## Extracted information
◇ ◇ ◇

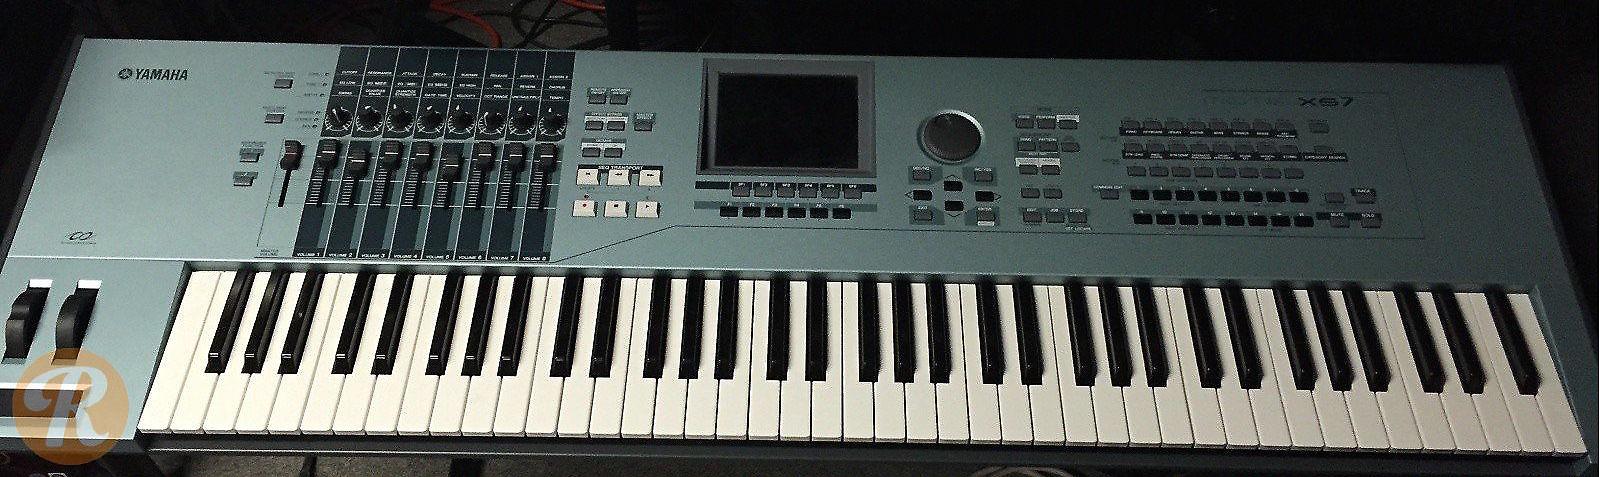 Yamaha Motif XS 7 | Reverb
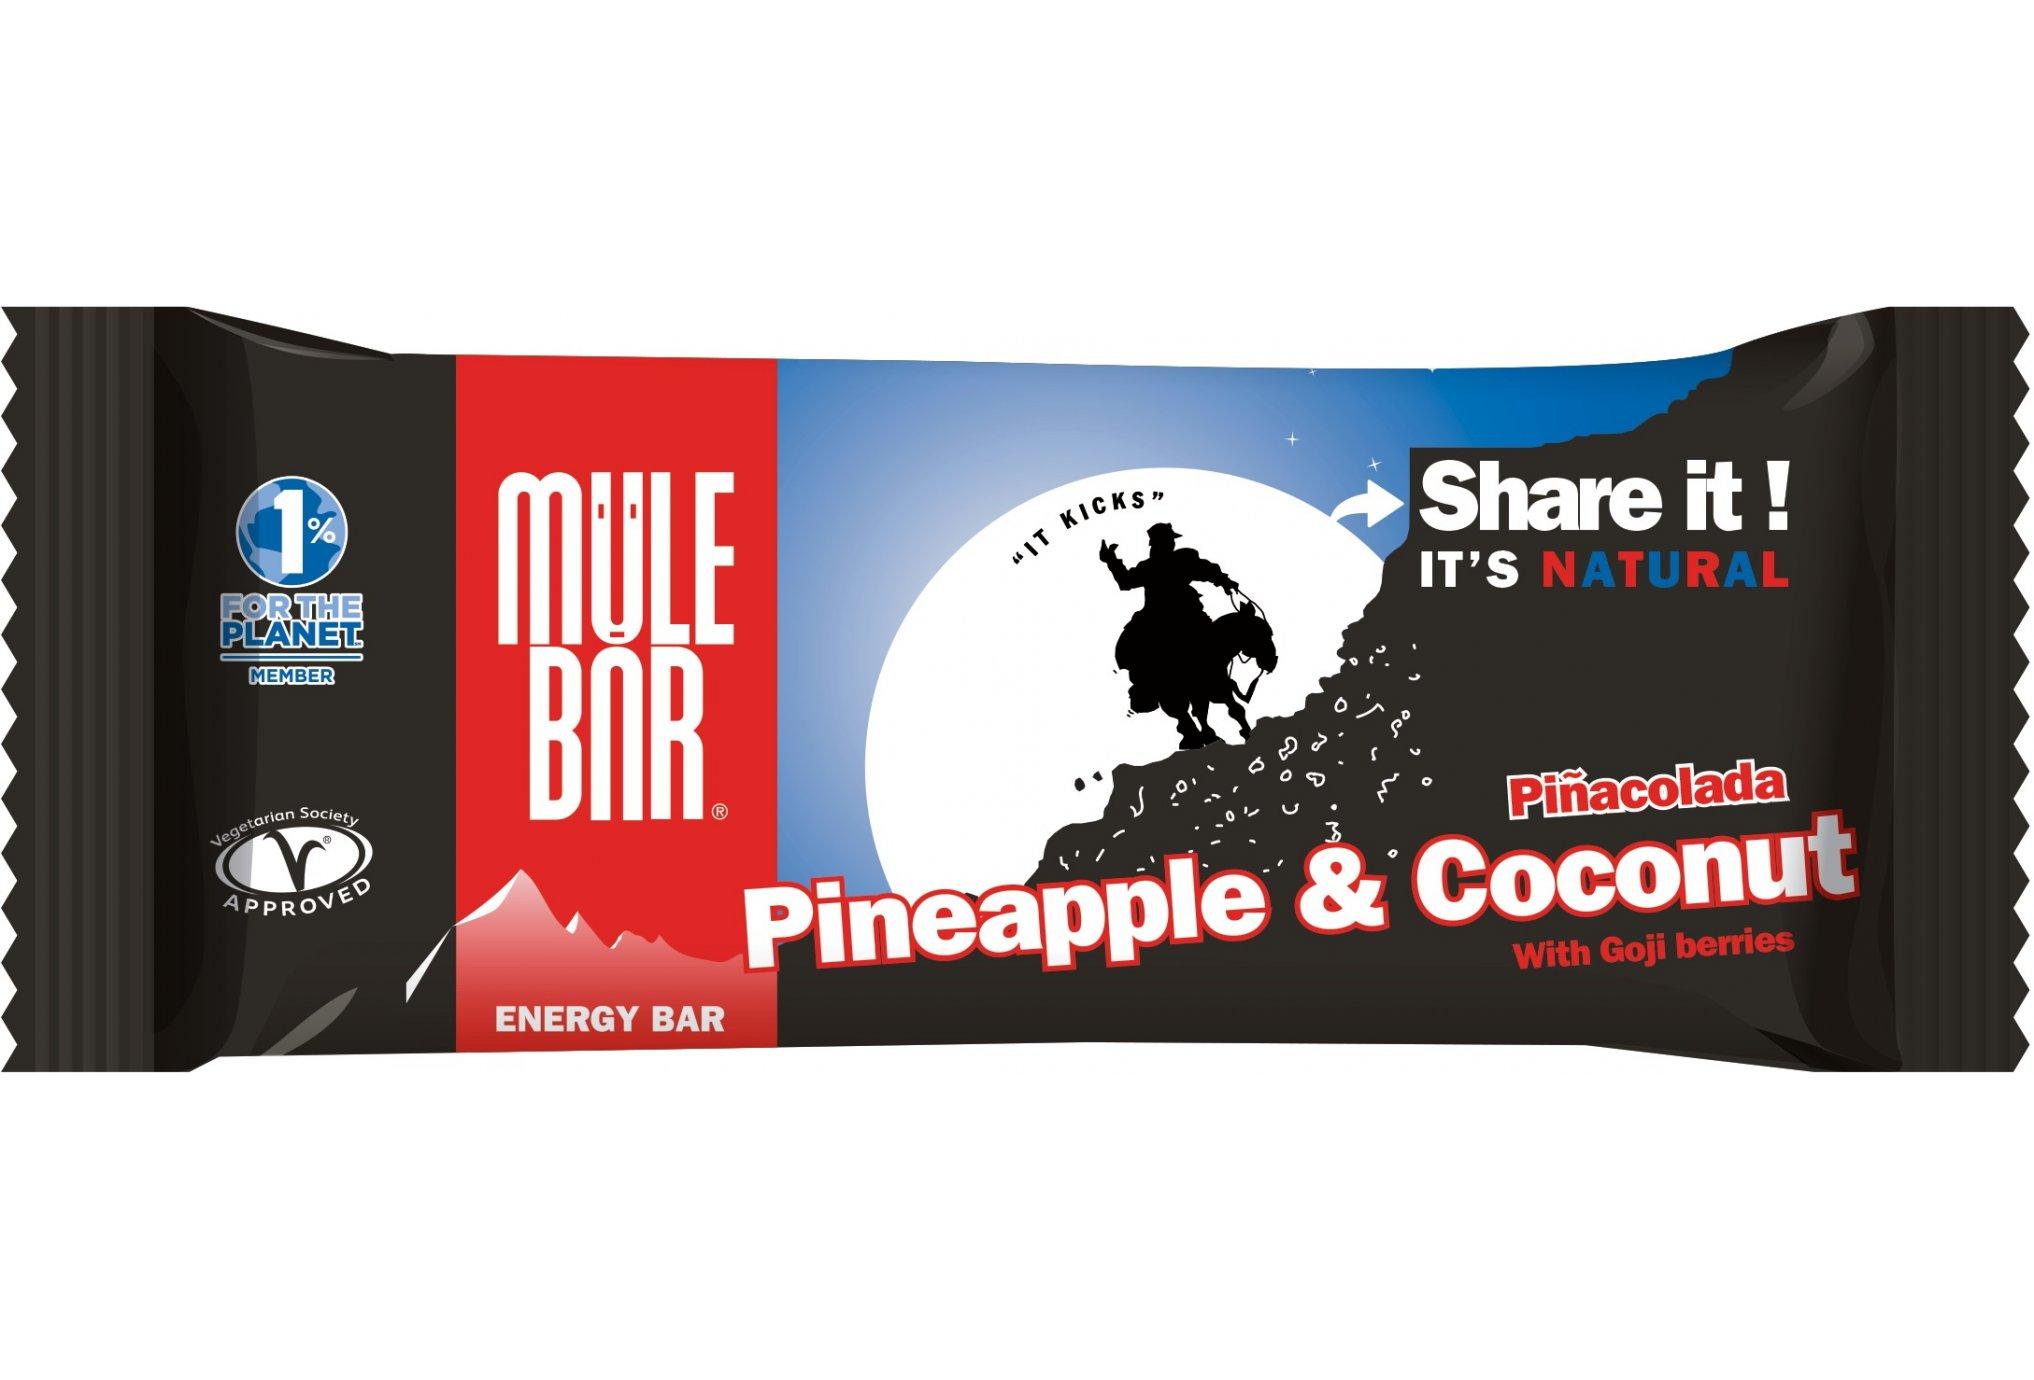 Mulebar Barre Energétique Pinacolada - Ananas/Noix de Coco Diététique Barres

◇ ◇ ◇

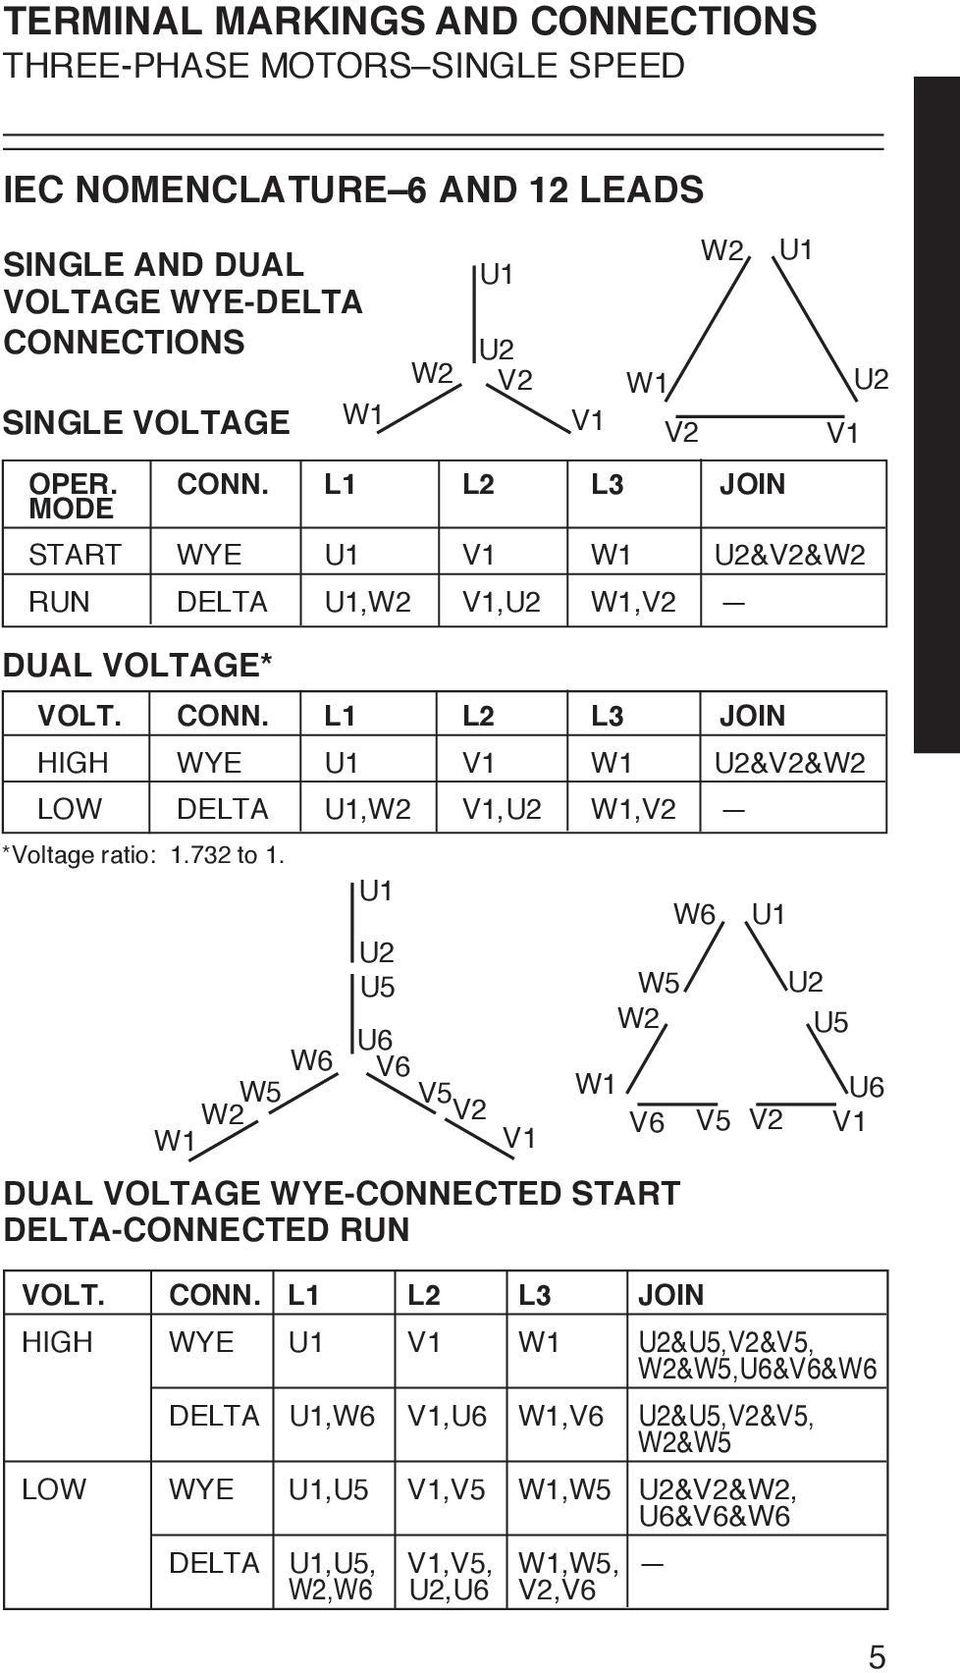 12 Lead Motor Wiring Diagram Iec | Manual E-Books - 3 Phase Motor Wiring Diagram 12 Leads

◇ ◇ ◇

## Exercise aim
From the line containing "Yamaha Motif XS 7 | Reverb" through the line containing "Mulebar Barre Energétique", copy every line above exactly, without pictures.

## Expected answer
 Yamaha Motif XS 7 | Reverb
 Mulebar Barre Energétique Pinacolada - Ananas/Noix de Coco Diététique Barres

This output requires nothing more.